• _What this task involves_: Among the lines below, return each one that contains the word "Photography".
*** Data for review Section Begins ***
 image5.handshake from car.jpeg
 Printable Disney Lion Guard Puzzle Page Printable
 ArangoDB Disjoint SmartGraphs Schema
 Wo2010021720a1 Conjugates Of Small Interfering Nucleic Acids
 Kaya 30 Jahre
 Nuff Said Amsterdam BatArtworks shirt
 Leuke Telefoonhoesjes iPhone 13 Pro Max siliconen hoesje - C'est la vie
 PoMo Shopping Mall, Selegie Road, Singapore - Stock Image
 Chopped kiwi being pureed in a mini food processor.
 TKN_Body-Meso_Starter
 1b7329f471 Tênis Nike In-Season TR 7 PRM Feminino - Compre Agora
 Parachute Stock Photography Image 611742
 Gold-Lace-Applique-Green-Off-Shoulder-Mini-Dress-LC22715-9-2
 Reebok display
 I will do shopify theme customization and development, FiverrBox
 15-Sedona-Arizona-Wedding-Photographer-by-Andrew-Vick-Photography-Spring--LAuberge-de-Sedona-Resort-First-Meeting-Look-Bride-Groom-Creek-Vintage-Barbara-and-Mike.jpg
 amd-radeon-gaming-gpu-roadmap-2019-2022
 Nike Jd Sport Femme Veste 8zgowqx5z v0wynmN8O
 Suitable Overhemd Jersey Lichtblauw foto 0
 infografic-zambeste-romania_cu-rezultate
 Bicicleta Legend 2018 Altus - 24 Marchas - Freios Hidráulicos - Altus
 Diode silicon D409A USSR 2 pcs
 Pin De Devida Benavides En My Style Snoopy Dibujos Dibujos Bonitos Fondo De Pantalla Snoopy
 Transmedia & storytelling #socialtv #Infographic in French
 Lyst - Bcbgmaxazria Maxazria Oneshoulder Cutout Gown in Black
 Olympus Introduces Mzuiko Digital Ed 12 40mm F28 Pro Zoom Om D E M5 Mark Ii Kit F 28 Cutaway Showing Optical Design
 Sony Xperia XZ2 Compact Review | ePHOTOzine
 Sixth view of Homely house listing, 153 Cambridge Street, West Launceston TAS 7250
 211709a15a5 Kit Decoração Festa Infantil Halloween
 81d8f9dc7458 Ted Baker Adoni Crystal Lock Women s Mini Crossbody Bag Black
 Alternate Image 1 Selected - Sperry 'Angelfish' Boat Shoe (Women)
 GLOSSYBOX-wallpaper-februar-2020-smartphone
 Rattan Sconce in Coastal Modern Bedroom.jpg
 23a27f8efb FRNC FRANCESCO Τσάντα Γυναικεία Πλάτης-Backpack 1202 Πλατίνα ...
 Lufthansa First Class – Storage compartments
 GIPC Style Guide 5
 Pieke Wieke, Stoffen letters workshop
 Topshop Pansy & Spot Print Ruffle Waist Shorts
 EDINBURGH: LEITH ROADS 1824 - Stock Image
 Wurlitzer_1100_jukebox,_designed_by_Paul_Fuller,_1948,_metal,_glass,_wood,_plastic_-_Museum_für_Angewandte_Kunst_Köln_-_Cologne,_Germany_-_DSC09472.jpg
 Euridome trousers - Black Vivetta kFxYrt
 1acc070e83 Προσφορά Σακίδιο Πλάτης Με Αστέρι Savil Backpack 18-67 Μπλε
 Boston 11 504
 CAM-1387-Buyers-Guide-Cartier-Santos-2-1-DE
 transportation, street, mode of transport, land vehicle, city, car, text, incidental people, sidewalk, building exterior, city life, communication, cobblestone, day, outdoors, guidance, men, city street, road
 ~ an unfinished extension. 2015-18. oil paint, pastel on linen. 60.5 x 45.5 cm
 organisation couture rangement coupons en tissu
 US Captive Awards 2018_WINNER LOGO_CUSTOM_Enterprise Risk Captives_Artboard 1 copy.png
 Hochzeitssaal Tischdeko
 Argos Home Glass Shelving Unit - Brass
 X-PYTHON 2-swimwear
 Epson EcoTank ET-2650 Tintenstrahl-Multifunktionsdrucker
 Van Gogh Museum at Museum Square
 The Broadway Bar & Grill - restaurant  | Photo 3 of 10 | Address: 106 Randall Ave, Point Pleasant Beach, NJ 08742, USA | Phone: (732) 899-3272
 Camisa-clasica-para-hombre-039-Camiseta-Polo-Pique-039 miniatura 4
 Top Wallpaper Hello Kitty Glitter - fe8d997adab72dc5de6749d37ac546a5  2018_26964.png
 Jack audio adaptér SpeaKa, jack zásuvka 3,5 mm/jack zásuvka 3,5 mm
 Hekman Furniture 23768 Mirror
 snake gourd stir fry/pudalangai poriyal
*** Data for review Section Ends ***
• _Task response_:
 Parachute Stock Photography Image 611742
 15-Sedona-Arizona-Wedding-Photographer-by-Andrew-Vick-Photography-Spring--LAuberge-de-Sedona-Resort-First-Meeting-Look-Bride-Groom-Creek-Vintage-Barbara-and-Mike.jpg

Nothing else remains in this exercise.